October 27, 2022
SEOUL, Oct. 27 (Yonhap) — LG Twins starter Adam Plutko had been a model of consistency in his first season in the Korea Baseball Organization (KBO), pitching at least five innings in his first 27 starts, before upper back spasms forced him out of a start on Sept. 25 early. Plutko never even threw a pitch, deciding to give the first batter of the game an intentional walk before being pulled. He finished with a 15-5 record and a 2.39 ERA.
LG Twins starter Adam Plutko (L) returns to the dugout after being pulled during the top of the second inning of Game 2 of the second round in the Korea Baseball Organization postseason against the Kiwoom Heroes at Jamsil Baseball Stadium in Seoul on Oct. 25, 2022. (Yonhap)

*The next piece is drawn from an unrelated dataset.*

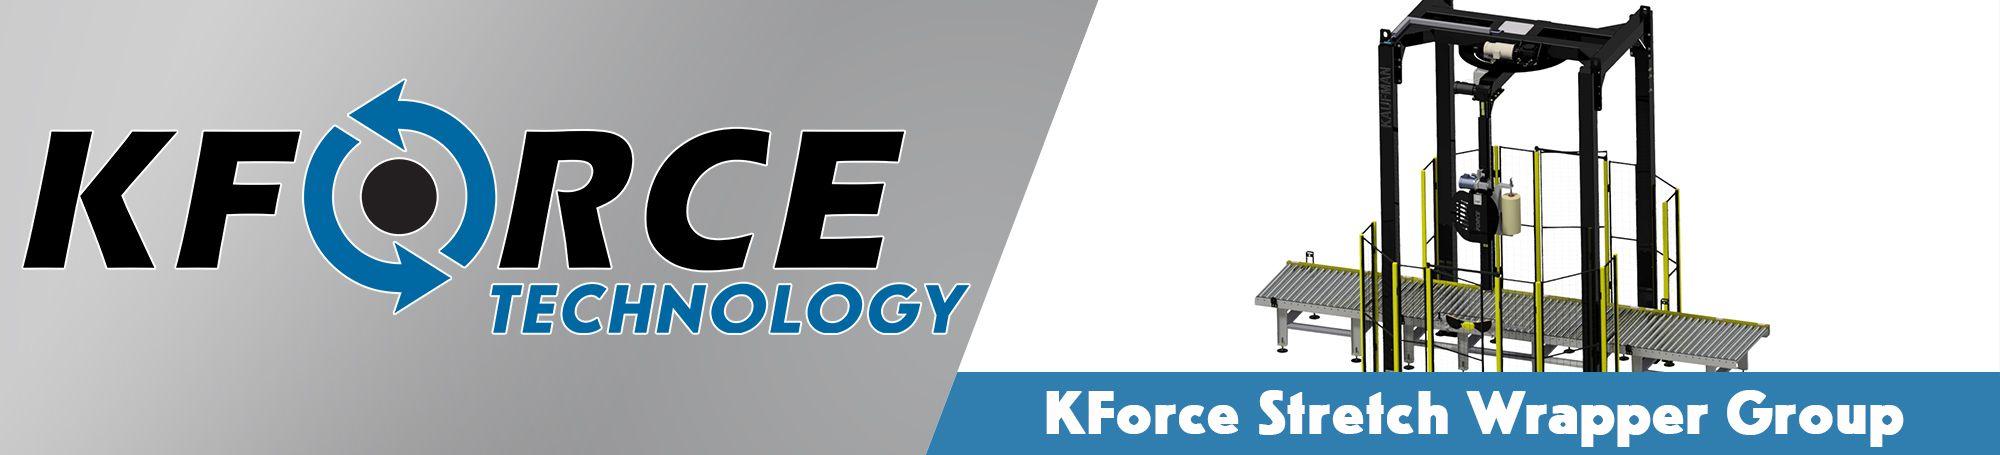 KForce Wrapper Group.jpg

Exactly a month later, Plutko made his next start, against the Kiwoom Heroes on Tuesday in Game 2 of the best-of-five postseason series. All that rest and extra work didn’t seem to have done Plutko any good, as he was shelled for six runs on eight hits in only 1 2/3 innings. The Twins lost that game 7-6.

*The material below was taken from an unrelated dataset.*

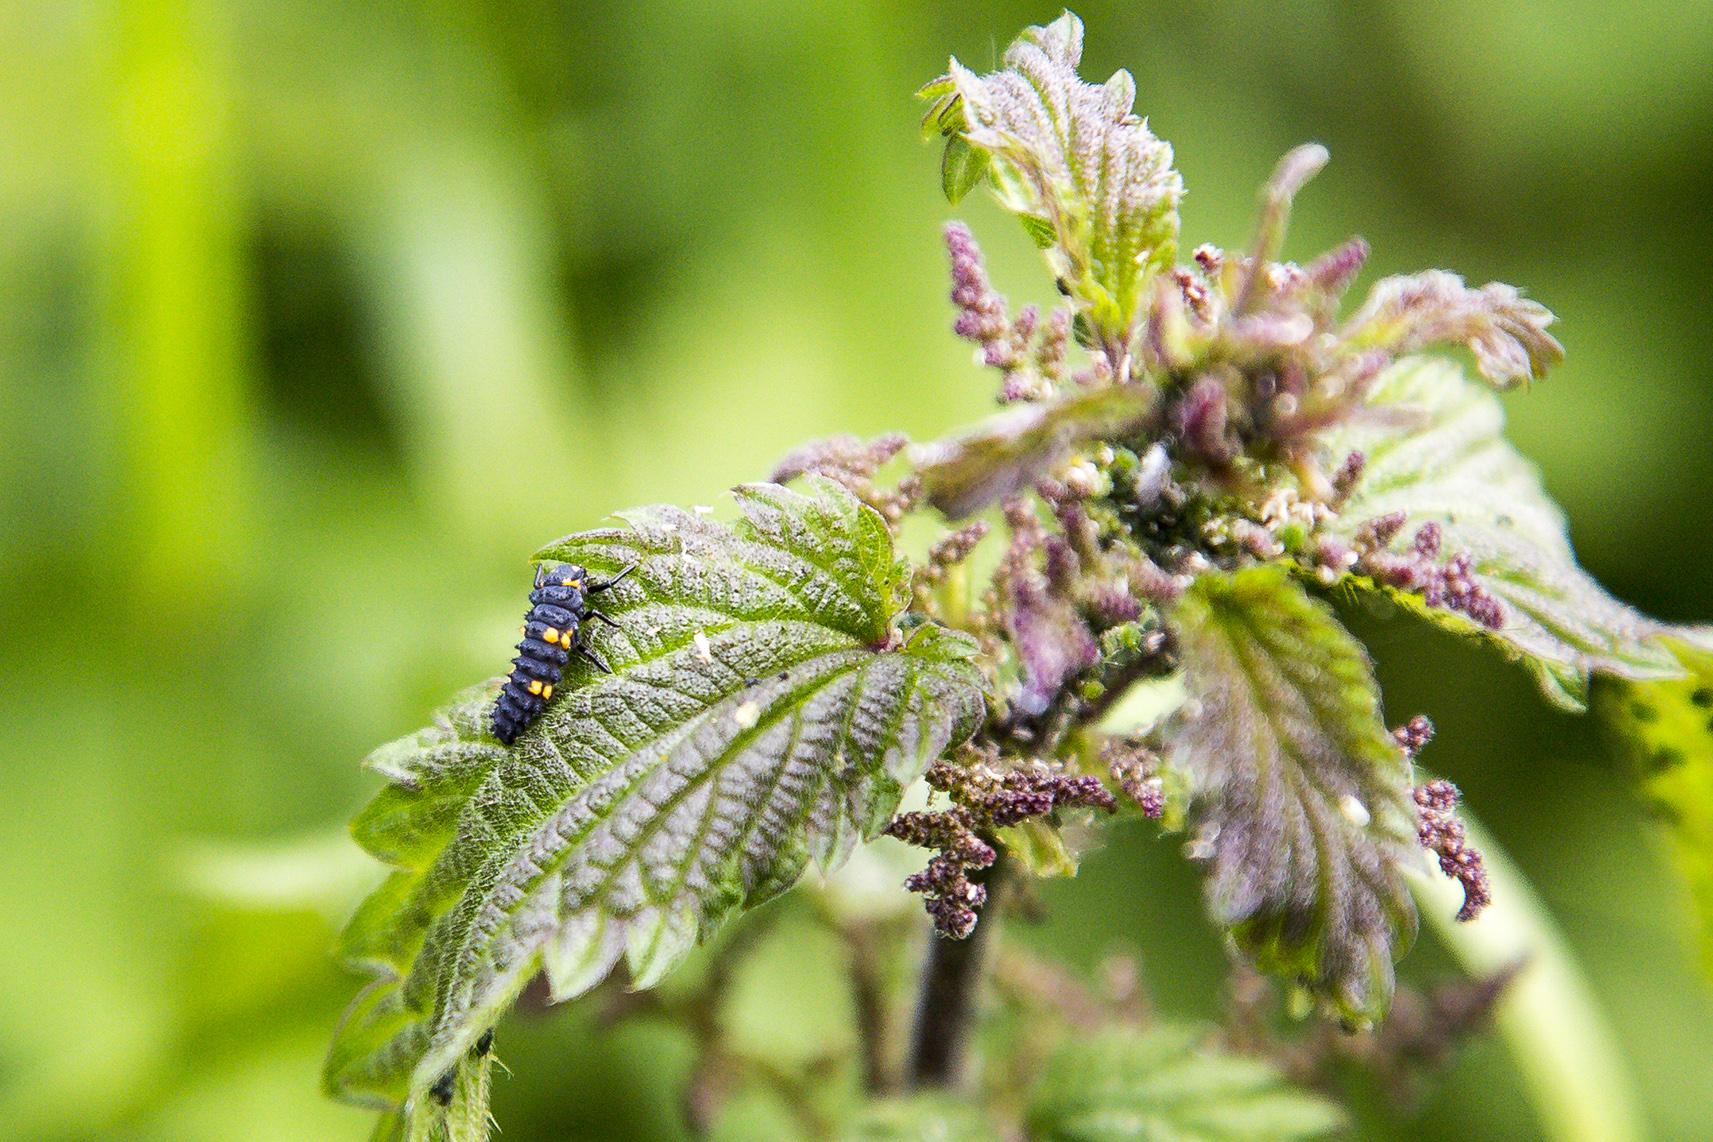 naturaliste-larve-libellules-2015-marie-colette-becker-06

Speaking to Yonhap News Agency on Thursday, before the Twins took on the Heroes for Game 3 at Gocheok Sky Dome in Seoul, Plutko said he had no physical issues whatsoever.
“I felt great. I think all the tracking numbers and all the data around the start support that,” Plutko said. “Kiwoom did a better job hitting than I did pitching.”
Plutko said he keeps a spreadsheet of pitching data for every start, including velocity, spin rates and vertical and horizontal movements for every pitch.
Though the results weren’t ideal, Plutko said he had “the best stuff I’ve had all season” in Tuesday’s game. Movements on his sliders and curveballs were sharper than they had been in the regular season, while the vertical break on his fastballs was also higher, meaning those pitches had late life around the plate. He also said the velocity figures were right around his season average or a bit higher than that.
“I had some insane numbers,” Plutko said. “They just put the bat on the ball. They beat me.”
One Kiwoom hitter, Lee Yong-kyu, got two singles off Plutko in two at-bats on first pitches, despite his well-established reputation as a pesky hitter who works deep into counts. Others also attacked Plutko early in the count.
Asked if he might have been tipping his pitches, Plutko said, “I don’t think there’s some conspiracy theory about what all went down. They just put the bat on the ball. That’s all there is to it.”